For multilaterals and UN-system bodies, the asymmetry runs the other way and is just as damaging. The World Bank, IMF, and WHO have enormous pretraining footprints. Smaller agencies (UNDRR, UNCDF, specialised programmes inside UNDP) get crowded out of LLM answers even when they are the actual mandate holder on a topic. A policy researcher asking an LLM "who leads on disaster risk reduction financing" should get UNDRR and CGAP. They often get the World Bank instead, because the World Bank dominates the token count. The fix is not better SEO. It is sustained presence in the corpora that future models will train on: policy archives, indexed publications, Wikipedia entries with citations, and syndicated commentary in outlets the crawlers prioritise.

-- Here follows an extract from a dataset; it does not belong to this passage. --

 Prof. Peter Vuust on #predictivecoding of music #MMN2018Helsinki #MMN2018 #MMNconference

For major industrial groups (cement, steel, chemicals, logistics), the study explains a pattern we have seen in client audits: legacy brand names outperform current ones inside LLM answers. A company that renamed itself in 2021 still gets surfaced under its 2010 name because the pretraining corpus has fifteen years of the old name and three years of the new one. If you are planning a rebrand, a merger, or a portfolio consolidation, assume the LLM will lag the market by three to five years unless you actively seed the new entity into high-frequency corpora.
For philanthropic and policy institutions, the pretraining-exposure finding reframes thought leadership ROI. A single op-ed in the FT is worth less than a long tail of think-tank papers, working papers, and conference proceedings that get scraped, mirrored, and cited across the open web. The Gates Foundation is in every model. A newer foundation with a $2bn endowment may not be. The asset that closes the gap is not paid media; it is structured, durable, machine-readable output.

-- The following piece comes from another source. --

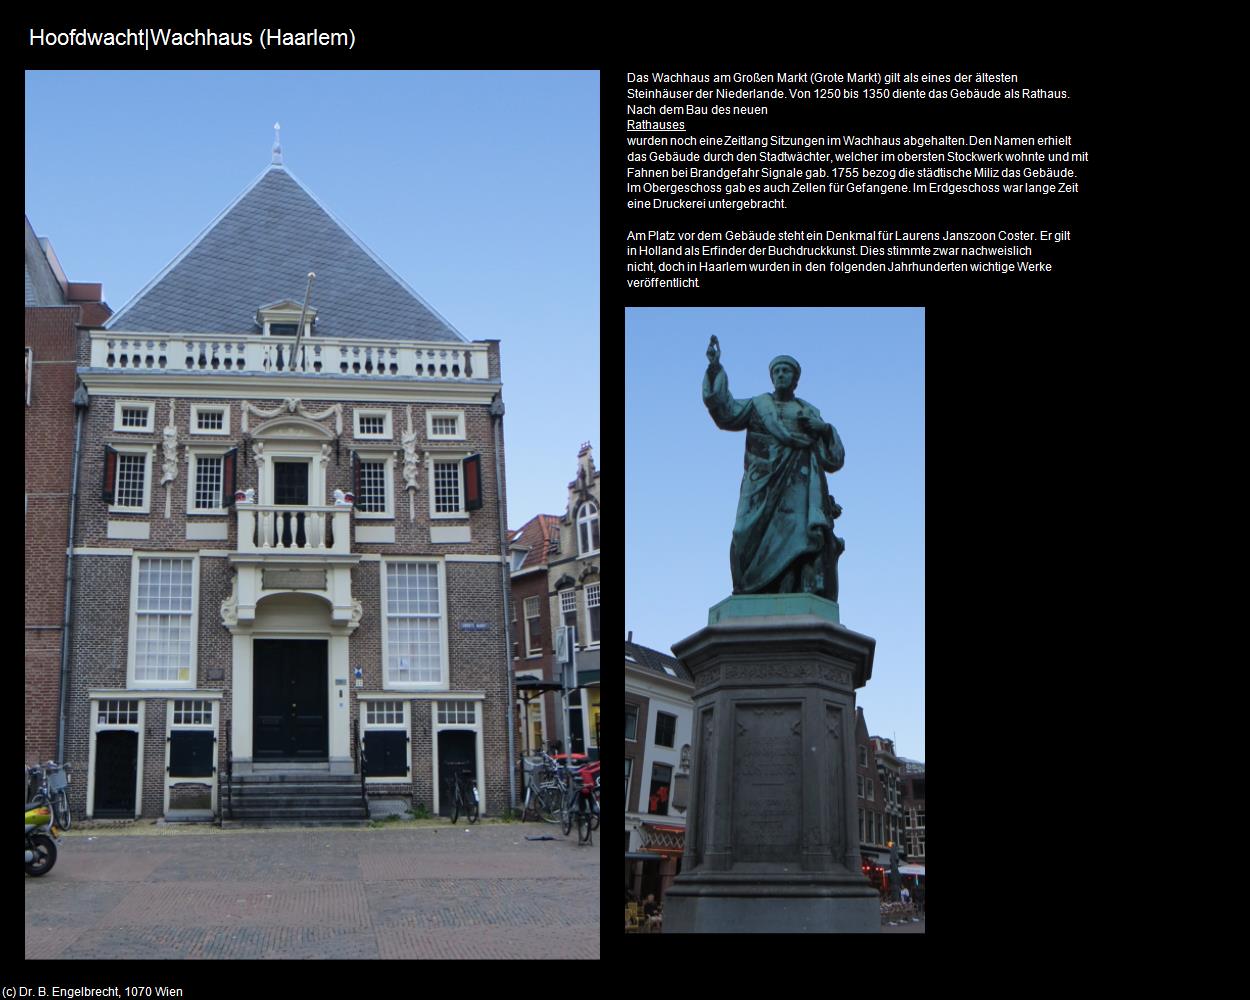 Hoofdwacht|Wachhaus (Haarlem) in Kulturatlas-NIEDERLANDE(c)B.Engelbrecht

The strategic shift for content teams is to stop thinking about "campaigns" and start thinking about "corpus contribution." Every piece of content has two audiences now: the human reader this quarter, and the model trainer two years from now. Press releases that sit behind a wire service paywall do not get into Dolma or its successors. Wikipedia entries, open-access research, indexed white papers, transcripts of named-executive appearances, and entries in structured knowledge bases (Crunchbase, OpenCorporates, Wikidata) do. The brands that will dominate LLM answers in 2027 are the ones investing in that infrastructure now.
The signal in context
This paper is the first to verify a hypothesis the GEO and AEO community has been operating on for eighteen months: that LLM brand preferences are an artefact of training data composition, not a reflection of market reality. Earlier studies could only correlate model outputs with proxies like Wikipedia traffic or Google Trends. Because OLMo and Dolma are fully open, the researchers could measure the actual independent variable. The result confirms that "popularity" inside an LLM is a measurement of historical web presence, frozen at the training cutoff, filtered by what the crawlers prioritised.

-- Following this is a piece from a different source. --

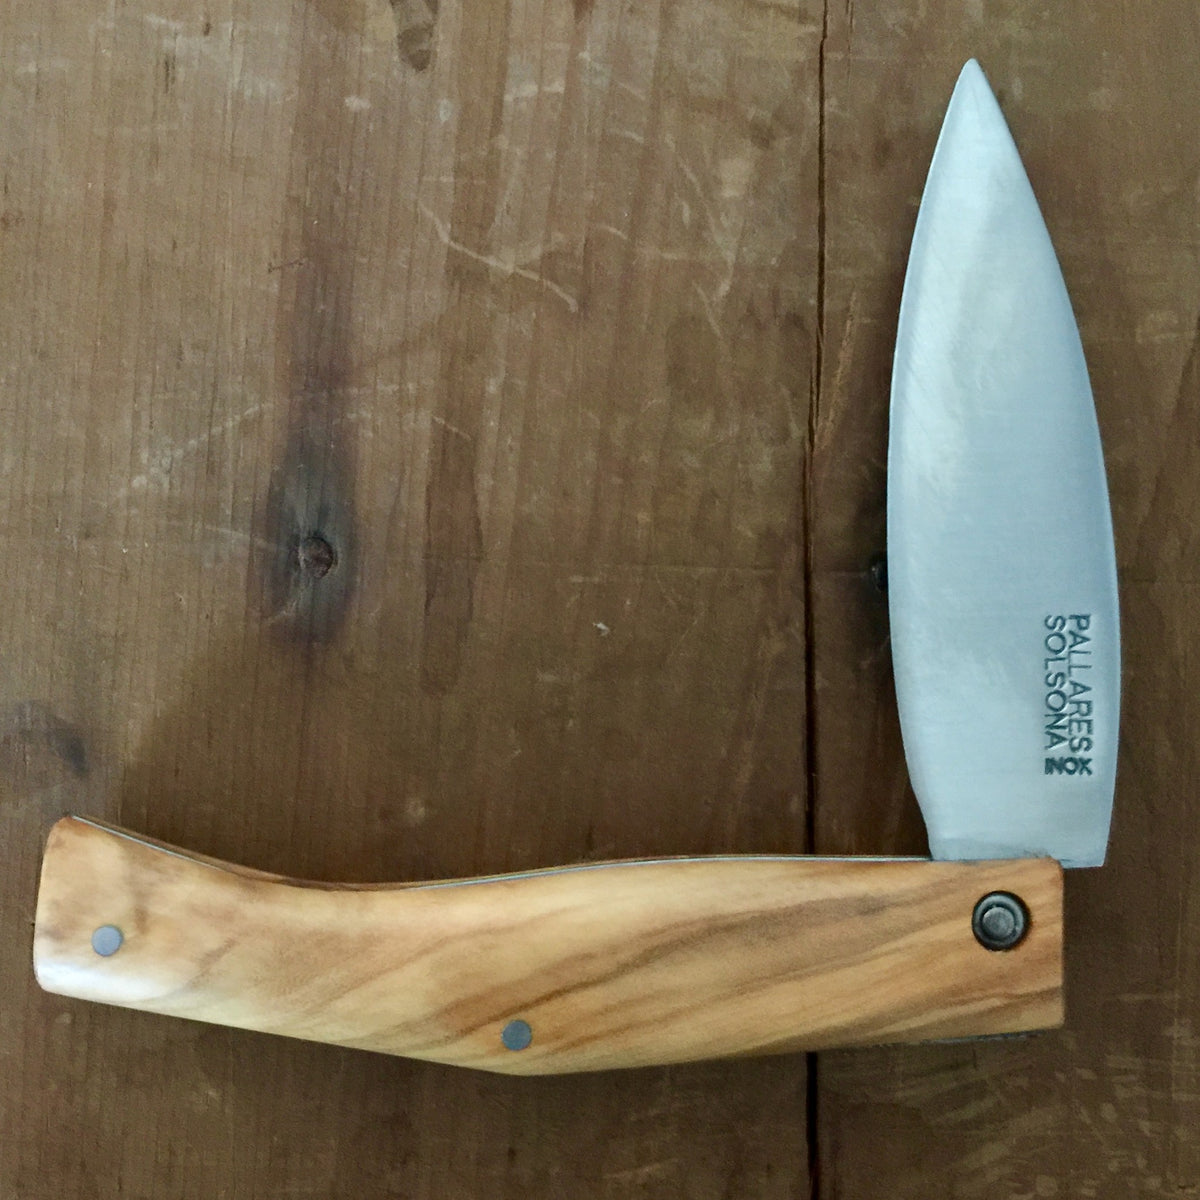 Set of Four Steak Knives - Plain Edge Blade - Olive Wood Handle | Due Buoi Spatula Store

That has two consequences worth watching. First, every model release resets the leaderboard slightly. Brands that invested in open, indexable presence between training cutoffs will gain ground; brands that relied on gated content, paid placements, or social posts behind logged-in walls will lose it. Second, the gap between "real-world leader" and "LLM-cited leader" is now measurable. Expect competitive intelligence vendors to start selling pretraining-exposure scores within twelve months, and expect CMOs to be asked about that score in board meetings shortly after.